In the records below, find the line containing "Bali Alus Essential Oil Rose, 10ml" and repeat it and every line after it exactly, without pictures.

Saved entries
..............................
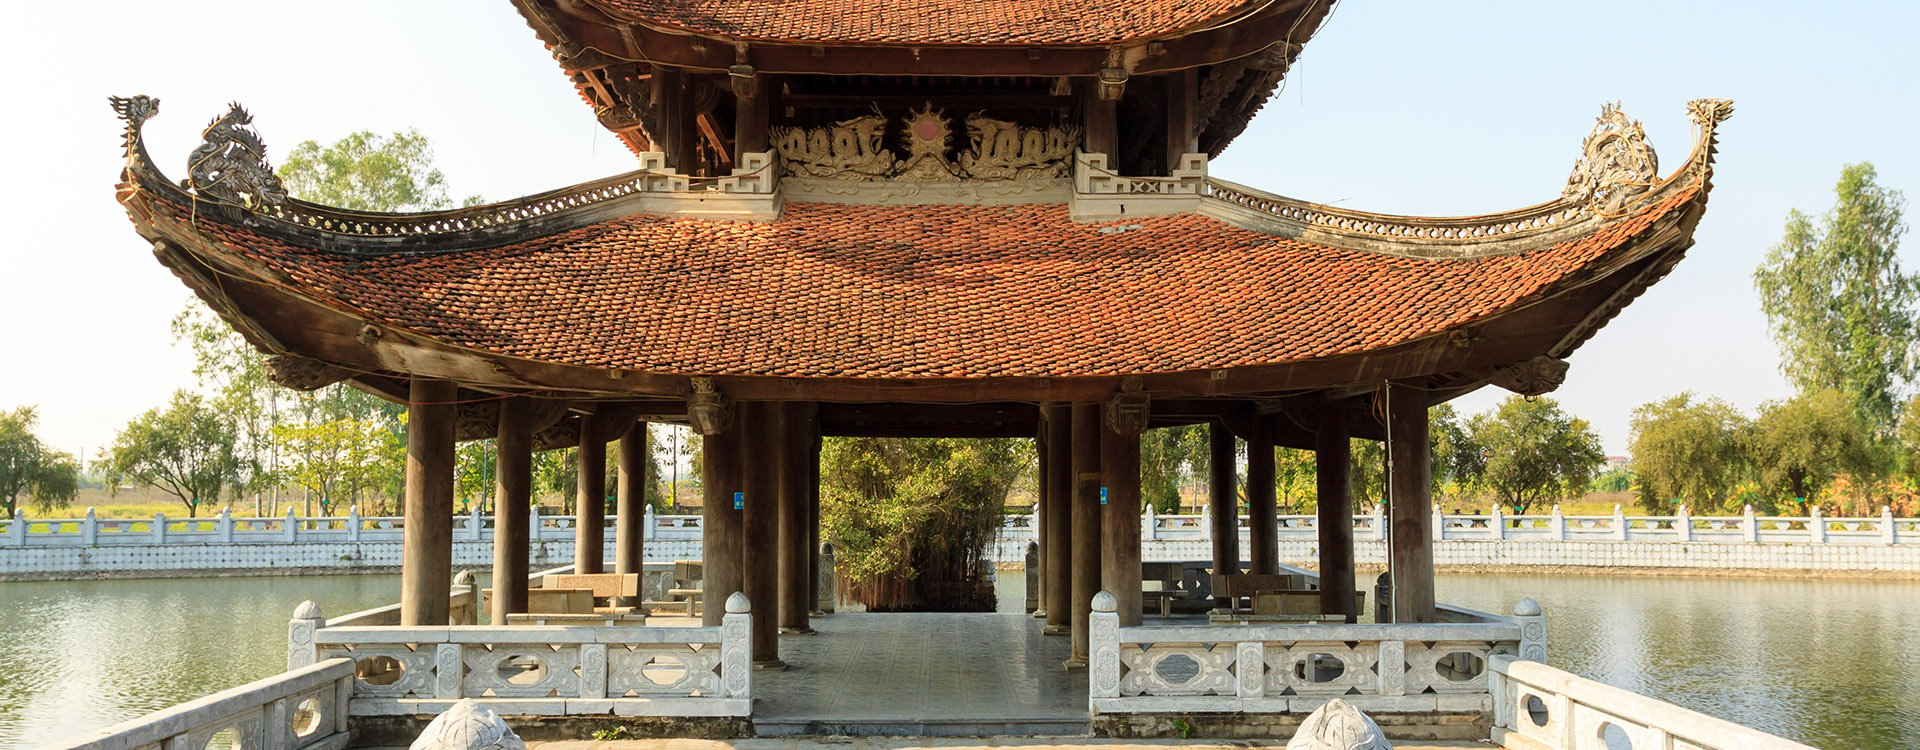 old Vietnam temple pavilion over pond at Hanoi, Vietnam
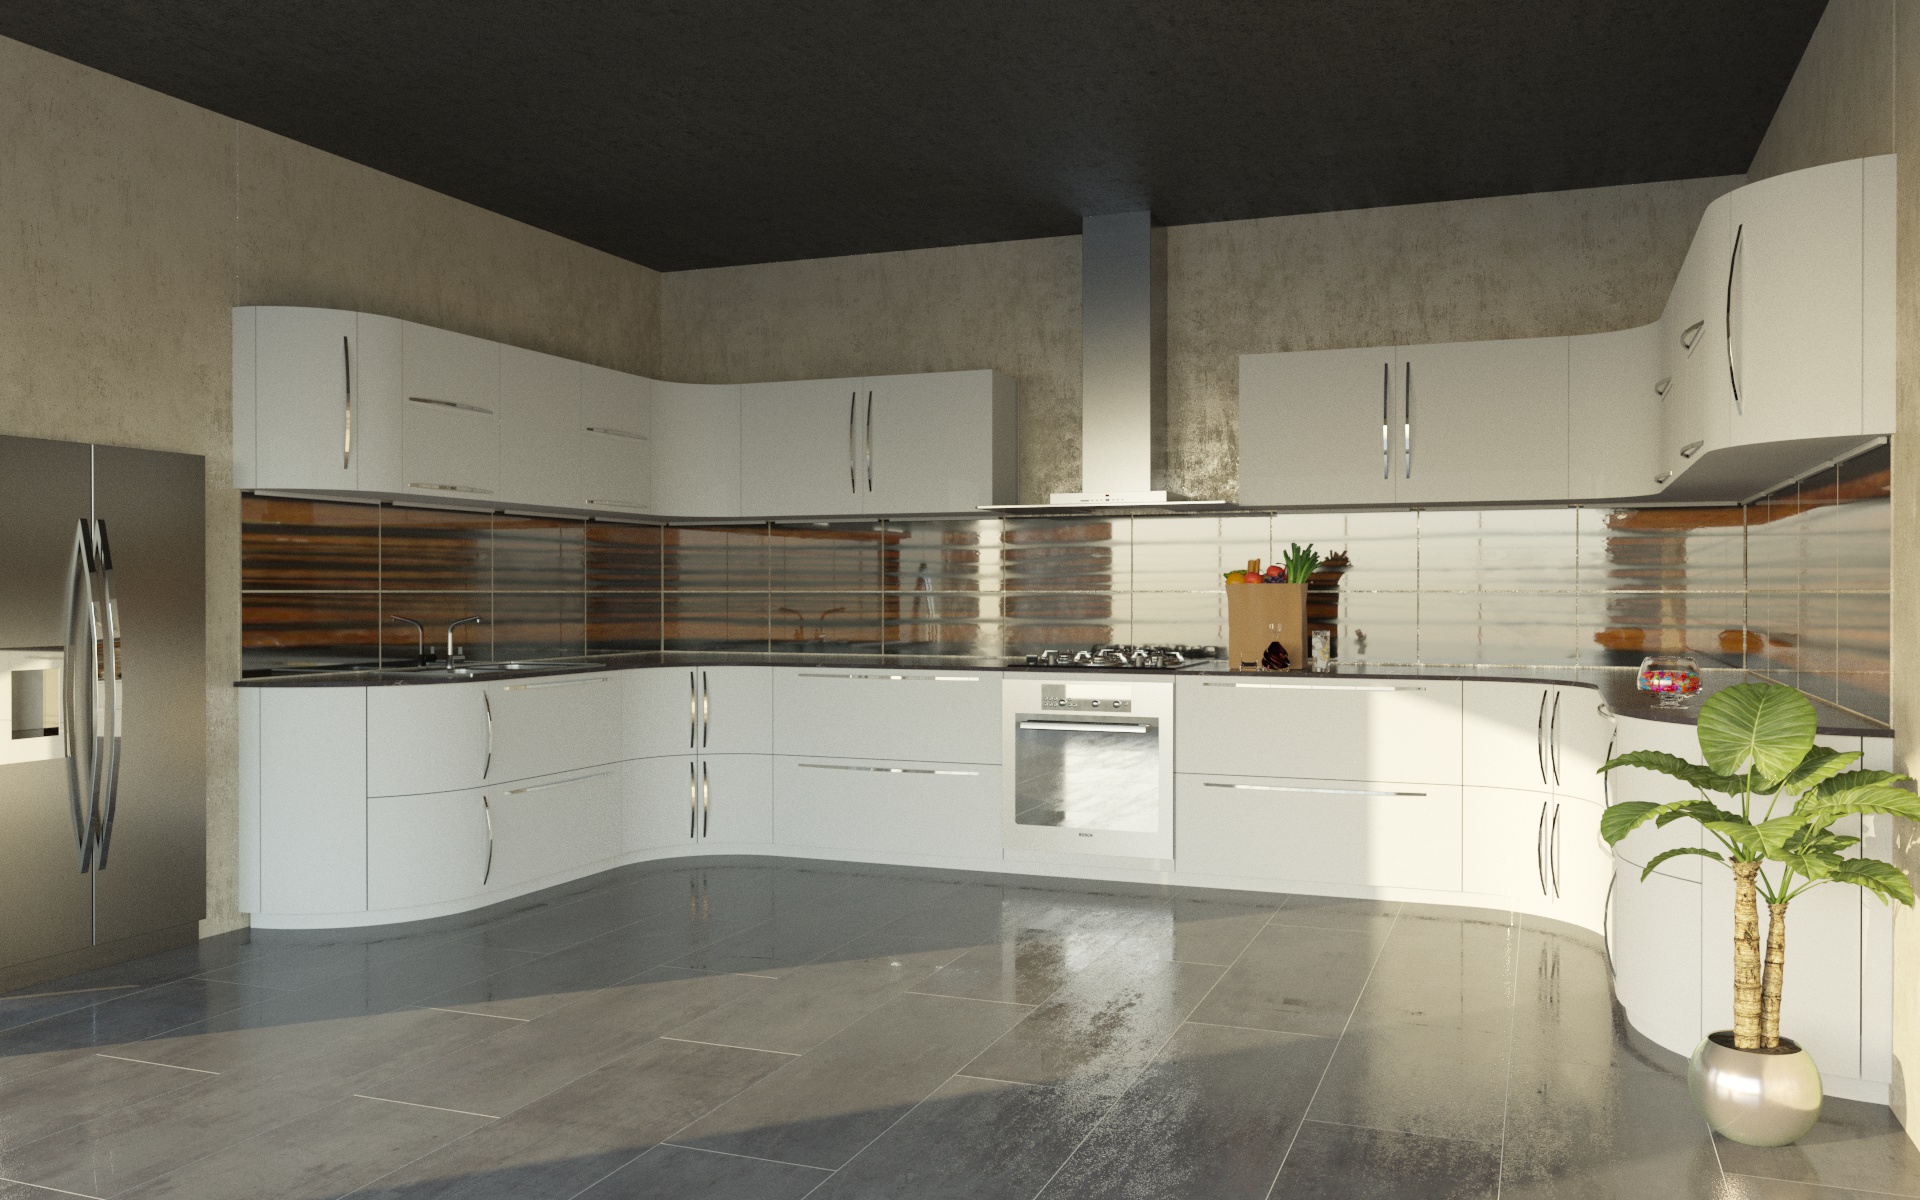 Kitchen in Cinema 4d corona render image
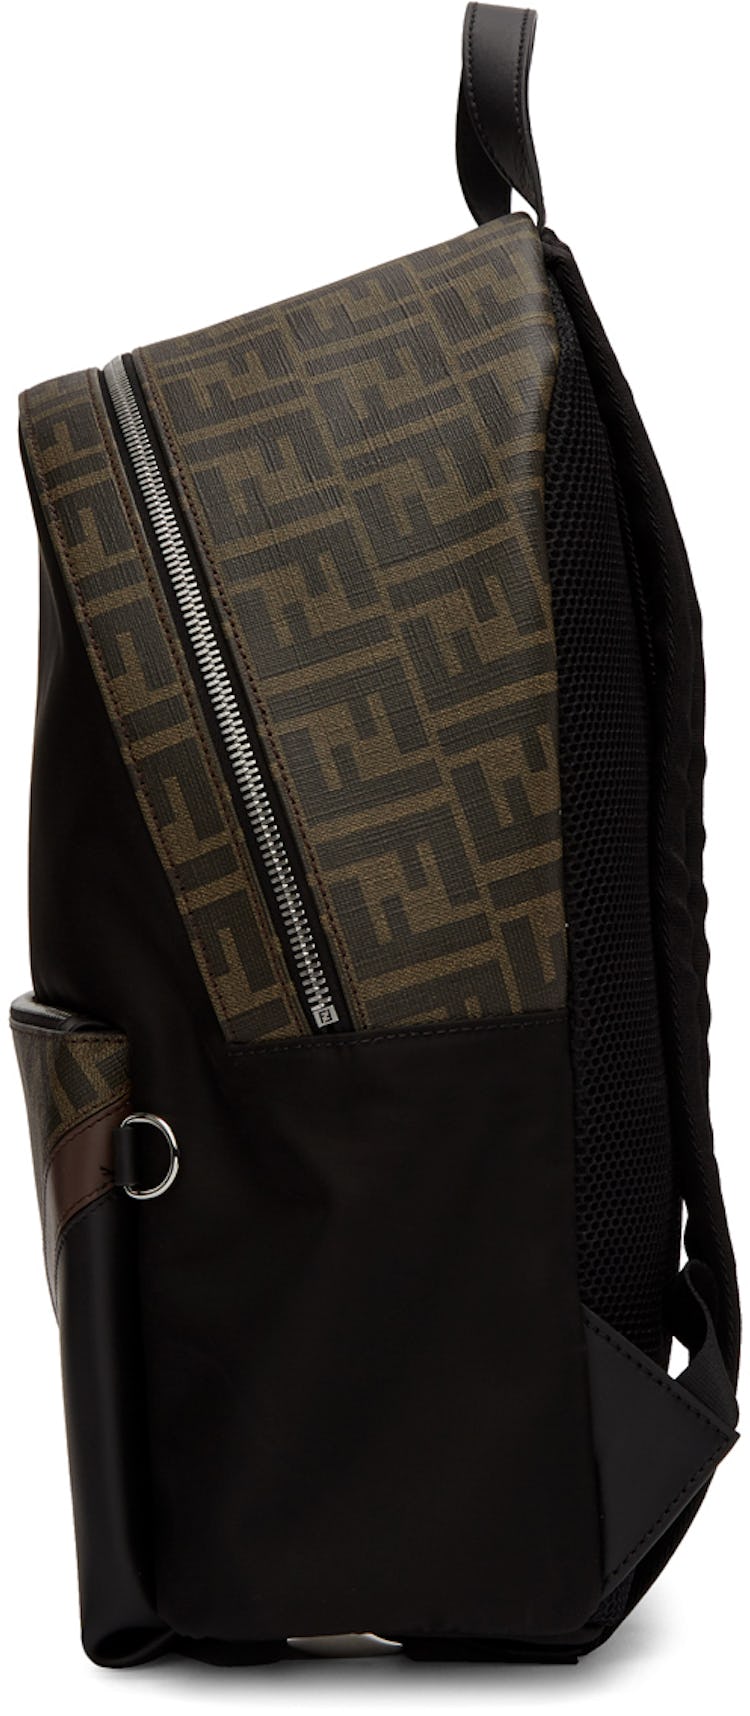 Black 'Forever Fendi' Fabric Backpack: additional image
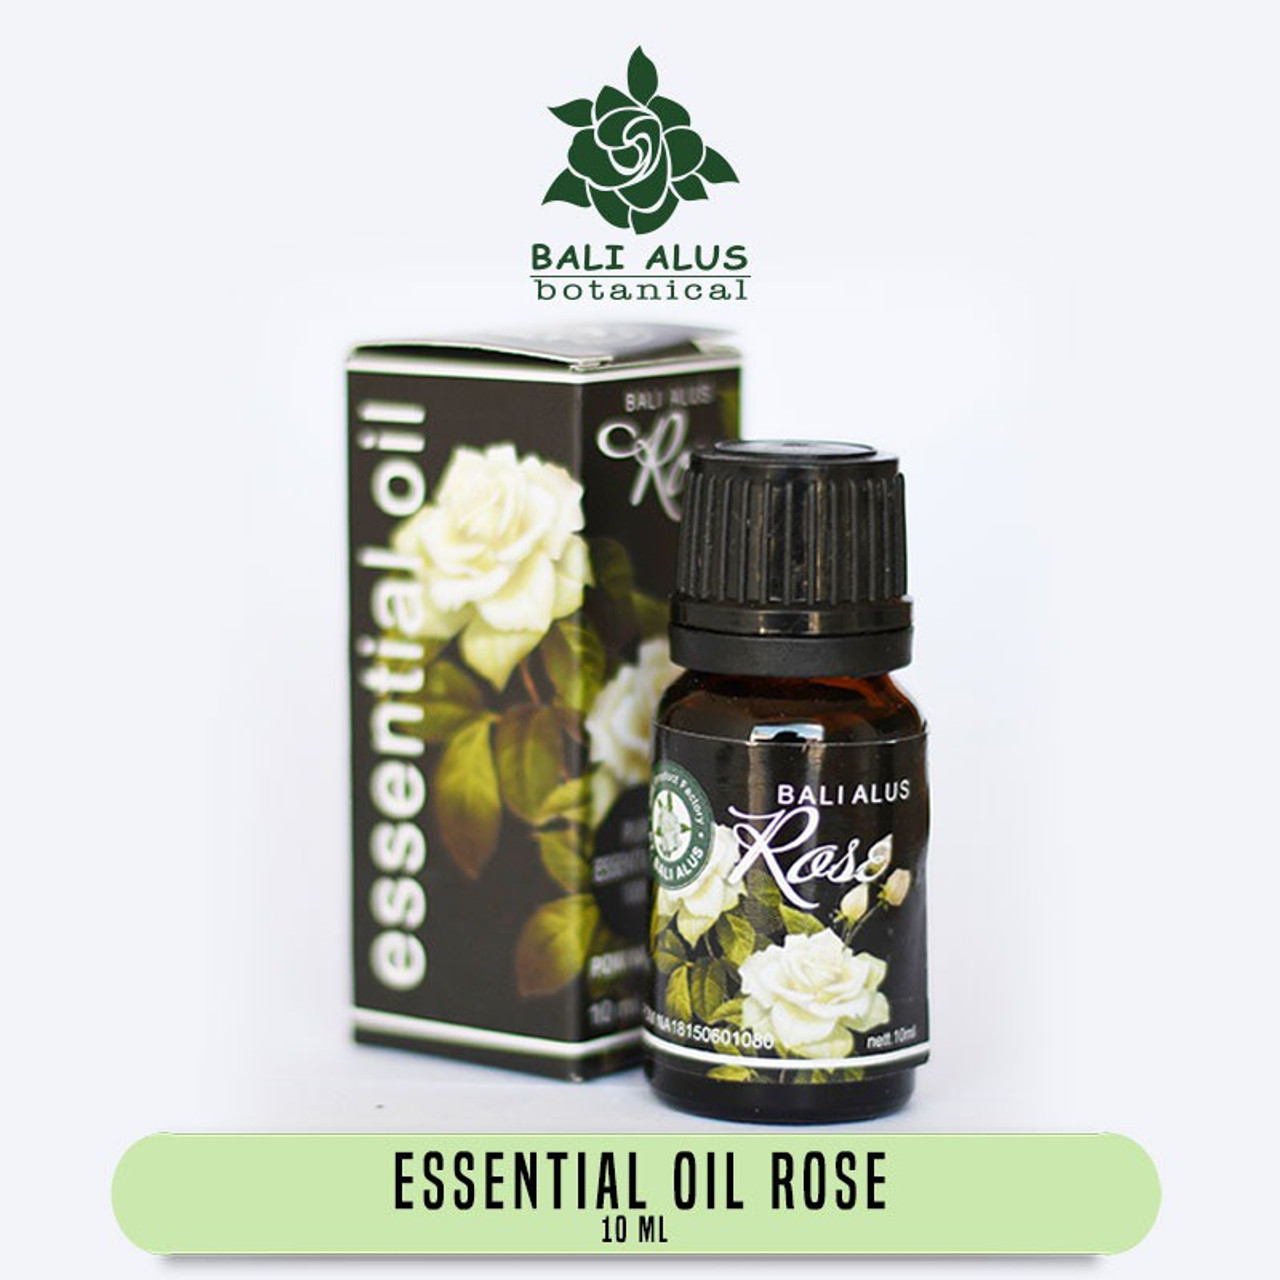 Bali Alus Essential Oil Rose, 10ml
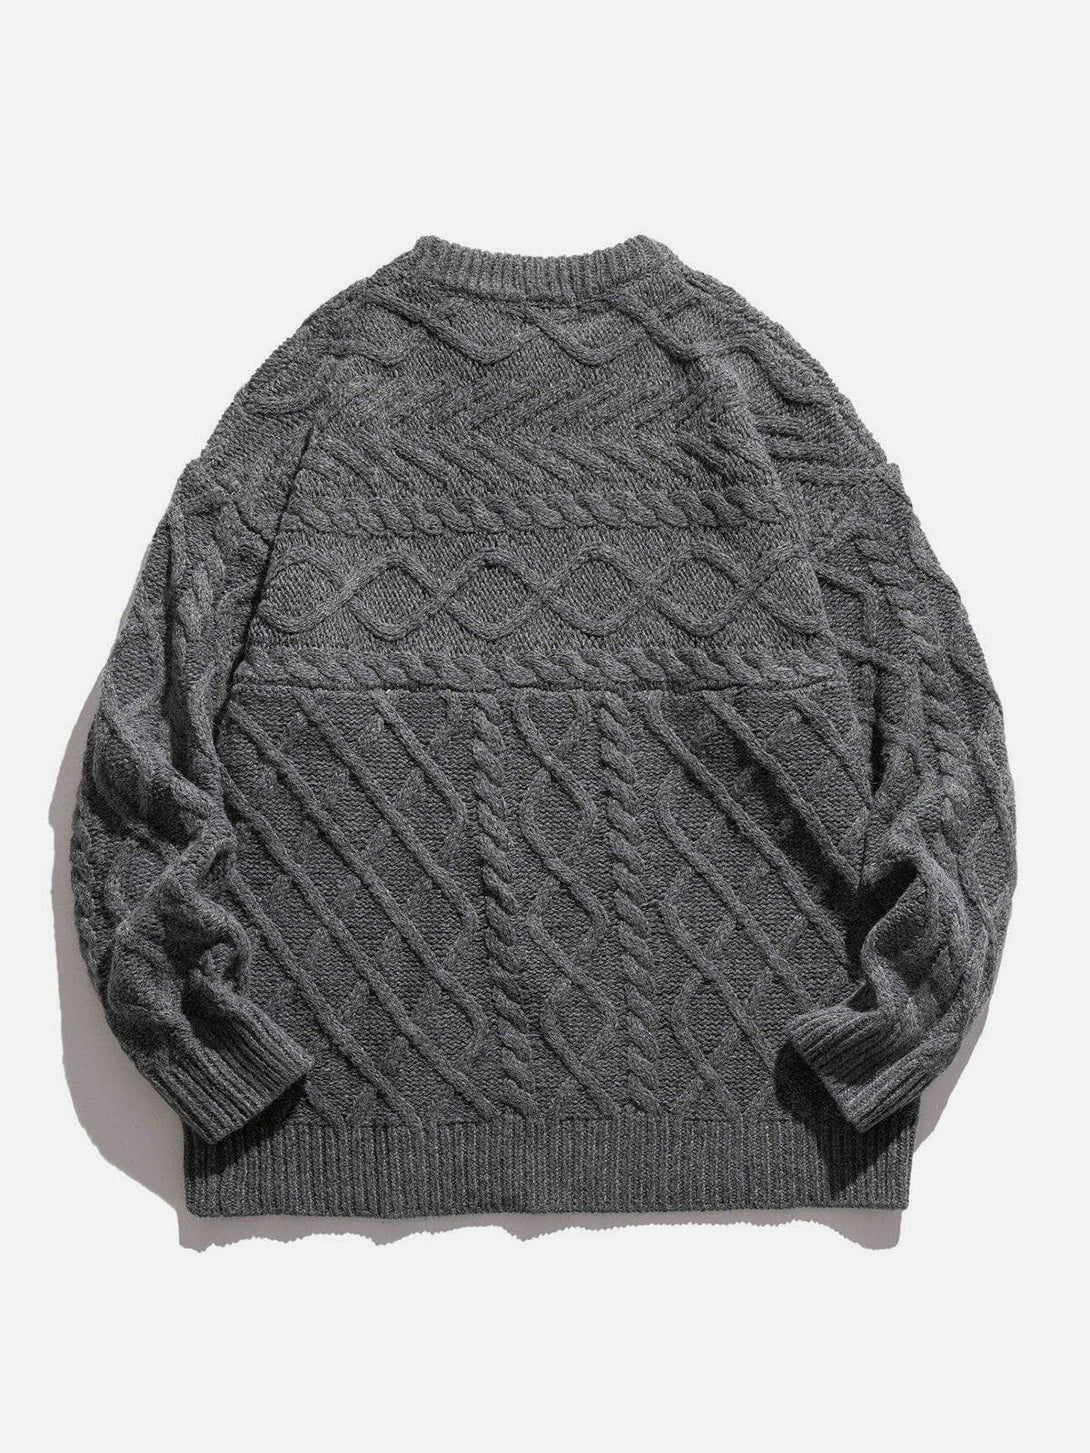 Majesda® - Hemp Pattern Solid Color Knit Sweater outfit ideas streetwear fashion
..............................
> [Response to this exercise]:
 Bali Alus Essential Oil Rose, 10ml
 Majesda® - Hemp Pattern Solid Color Knit Sweater outfit ideas streetwear fashion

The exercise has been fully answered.